Eroico e temprato, tenero e fonte di sicurezza, a volte incomprensibile e pronto al perdono è il padre che emerge dagli occhi di tanti poeti. Il rapporto quasi sacro tra padre e figlio è il centro del seguente componimento di Camillo Sbarbaro, tratto dalla raccolta Pianissimo (edizione 1914): il legame che affiora è talmente indissolubile da oltrepassare qualsiasi epoca della vita e da durare non solo oltre il tempo, ma anche oltre l’assurdo: “egualmente t’amerei”, sottolinea il poeta a conclusione del suo adunaton in apertura e in chiusura:
Padre, se anche tu non fossi il mio
Padre, se anche tu non fossi il mio
padre, se anche fossi a me un estraneo,
per te stesso, egualmente t’amerei.
Ché mi ricordo d’un mattin d’inverno
che la prima viola sull’opposto
muro scopristi dalla tua finestra
e ce ne desti la novella allegro.
Poi la scala di legno tolta in spalla
di casa uscisti e l’appoggiasti al muro.
Noi piccoli stavamo alla finestra.
E di quell’altra volta mi ricordo
che la sorella, mia piccola ancora,
per la casa inseguivi minacciando.
(la caparbia avea fatto non so che)
Ma raggiuntala che strillava forte
dalla paura, ti mancava il cuore:
chè avevi visto te inseguir la tua
piccola figlia e, tutta spaventata,
tu vacillante l’attiravi al petto
e con carezze dentro le tue braccia
avviluppavi come per difenderla
da quel cattivo ch’era il tu di prima.
Padre, se anche tu non fossi il mio
padre, se anche fossi a me un estraneo,
fra tutti quanti gli uomini già tanto
pel tuo cuore fanciullo t’amerei.
***
L’ipotesi del ritorno del padre perduto viene ripetutamente invocata nella bella poesia di Loredana, che suggerisce con delicatezza la sacralità paterna adombrata dai versi di Sbarbaro.

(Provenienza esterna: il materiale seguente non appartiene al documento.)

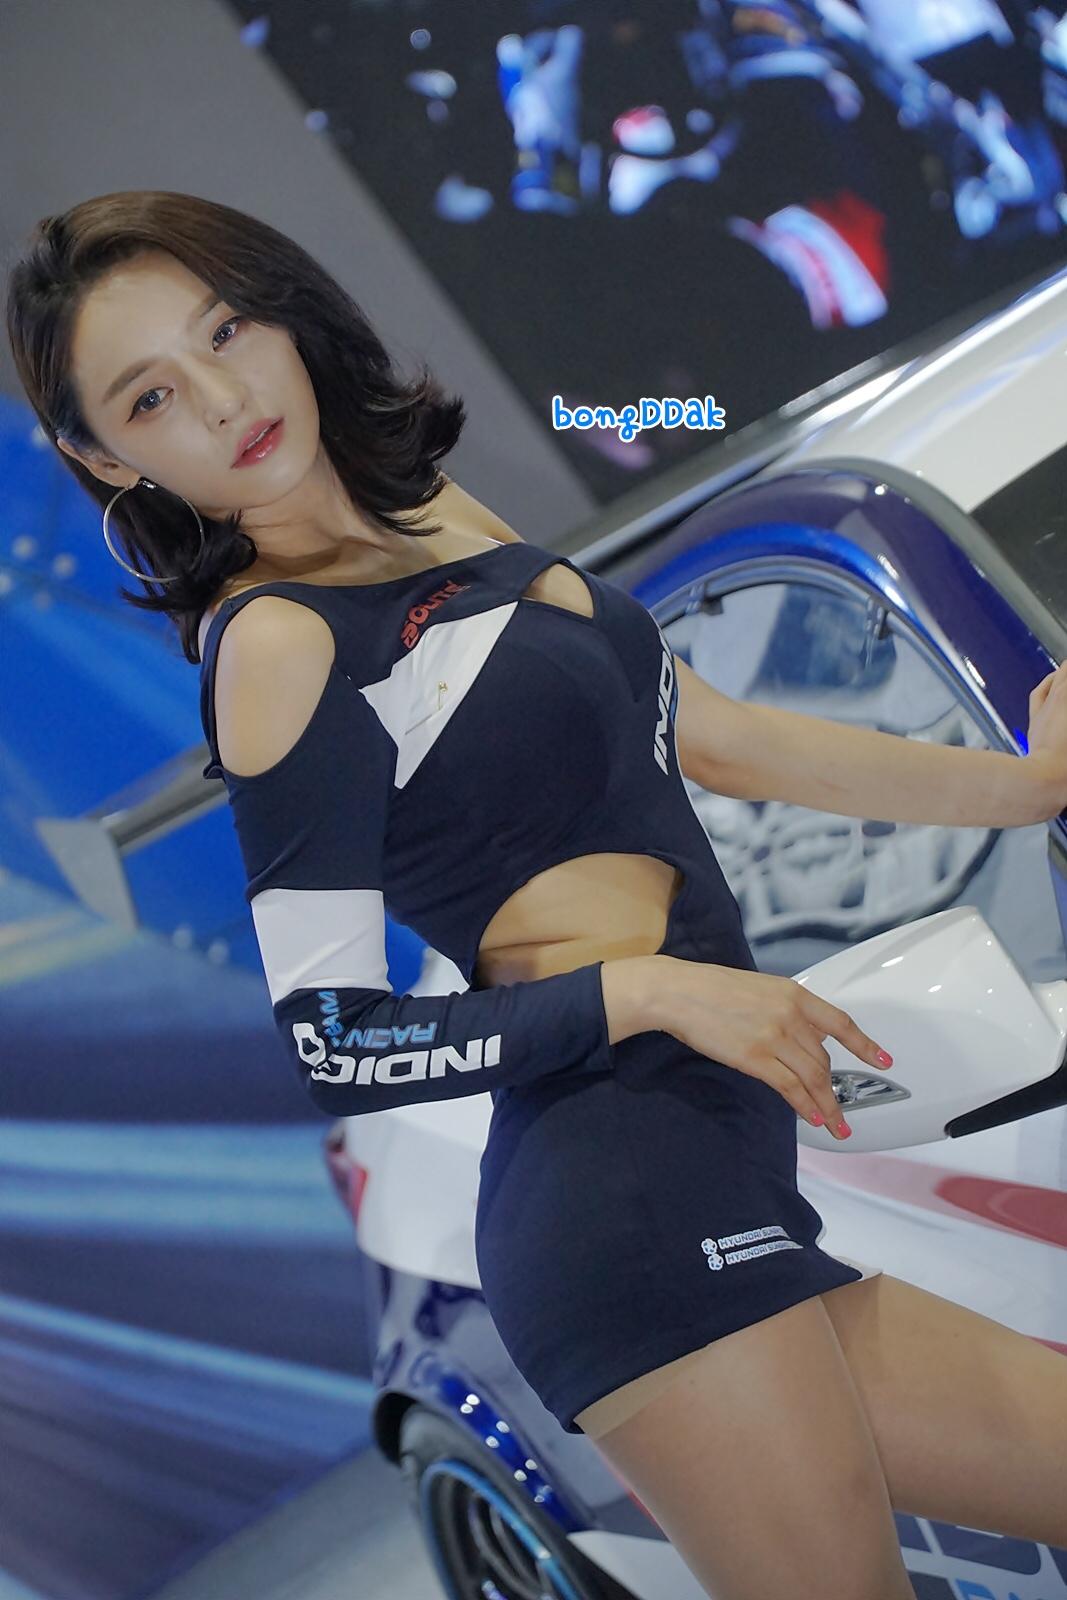 racing model seo yeon 7
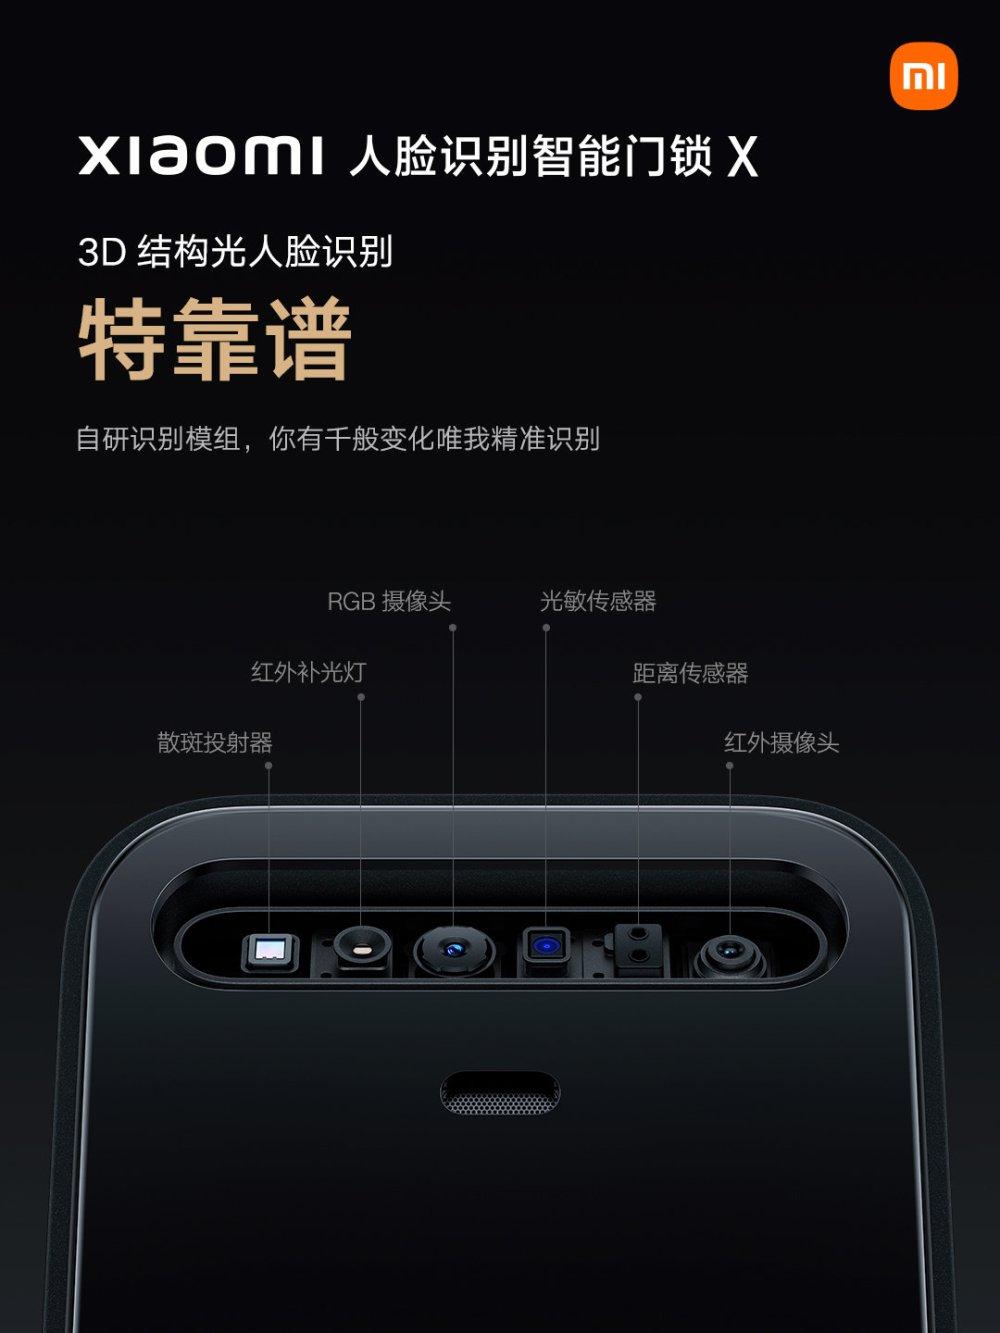 Xiaomi smart door lock X image 4

Qui il gioco anaforico “se un giorno tu mi venissi a cercare / se un giorno io ti venissi a cercare” lascia spazio all’evento che sempre si svolge nella memoria, la possibilità di non dimenticare ‘l’odore’, ‘il suono’, ‘il dolore’: è la natura stessa della relazione ad essere indissolubile e intramontabile:
Se un giorno
Se un giorno
Tu mi venissi a cercare
Dal crudele baratro del silenzio inaccessibile
Io ti accoglierei
E ti ascolterei,
ti avvolgerei come un mare limpido e calmo
come una brezza soave
come un profumo di pane
per non dimenticare più il tuo odore,
il suono della tua voce,
il tuo incompreso dolore.
Se un giorno
Io ti venissi a cercare
Sfidando il baratro del silenzio inaccessibile
Tu saresti ancora la radice che non si spezza
L’ armonia dei rumori quotidiani,
l’ equilibrio dei gesti e dei pensieri,
l’ allegria e la simpatia,
la dolcezza e l’ ironia,
l’ abito della festa che vorresti non finisse mai,
il silenzio più eloquente,
lo sguardo scintillante,
la vigna temprata dal sole..
Come un tatuaggio
Indelebile
Uomo
Come un pensiero
Indimenticabile
Padre.
***
Il richiamo rivolto al padre con insistenza si tinge quasi dei toni della preghiera e della gratitudine nei versi di Marco Pellacani: è la consapevolezza della figliolanza che riesce a restituire in ogni vicissitudine il profumo della libertà quando “tu solo [Padre] / riesci a sorridere dei miei guai! E mi chiedi / ‘Come stai?”; è il contrario di quella condizione che papa Francesco chiama “orfananza”, una vera e propria amputazione di quelle radici familiari e naturali spesso responsabile di tanta solitudine e vuotezza.
Padre
Padre, grande uomo,
che tutto già conosci.
Forte e fiera è la tua mano,
mia sicurezza,
e mio desiderio
per l’uomo che esser vorrei,
quando tu solo,
riesci a sorridere dei miei guai,
e mi chiedi:
“Come stai?”
Padre,
io mi ritrovo
sempre bambino
dinnanzi a te,
fra le tue amorevoli braccia
e mi sento sereno!
Padre,
il tuo sguardo rassicura il
mio cammino,
stammi vicino!
***
Il dramma della perdita di fronte alla quale ci si sente oscillare tra lo strazio del vuoto e l’incomprensibilità della fine, viene inaspettatamente illuminato dallo sguardo sereno del padre stesso, che nei versi di Luciano Somma si considera spettatore di ‘un miracolo’: “il non dover portare sul calvario / la croce d’un’amara solitudine”. E’ questo sguardo che il padre mantiene di fronte alla morte, il suo ultimo lascito e il più prezioso: “l’eredità di vivere”, che permette al figlio di considerare “forse fu un bene padre”.
Forse fu un bene padre
Fermare la tua storia
Col mandorlo fiorito
Chiudere gli occhi
Senza aspettare
Il gelo dell’inverno
Lasciando nei tuoi figli
L’eredità di vivere.
Avevi già provato a masticare
Come un boccone il pane reso duro
Dalle battaglie quotidiane
Stanco.
La sofferenza del tuo immenso vuoto
Noi la sentiamo come un fuoco vivo
Perché è diverso il sangue
Quando sta uscendo dalle tue ferite
Ha un altro suono l’urlo
Quando è parte di te della tua carne
Per te fu cielo terso
Ed al tuo sguardo
Ti sembrò un miracolo
il non dover portare sul calvario
La croce d’un amara solitudine.
Forse fu un bene padre.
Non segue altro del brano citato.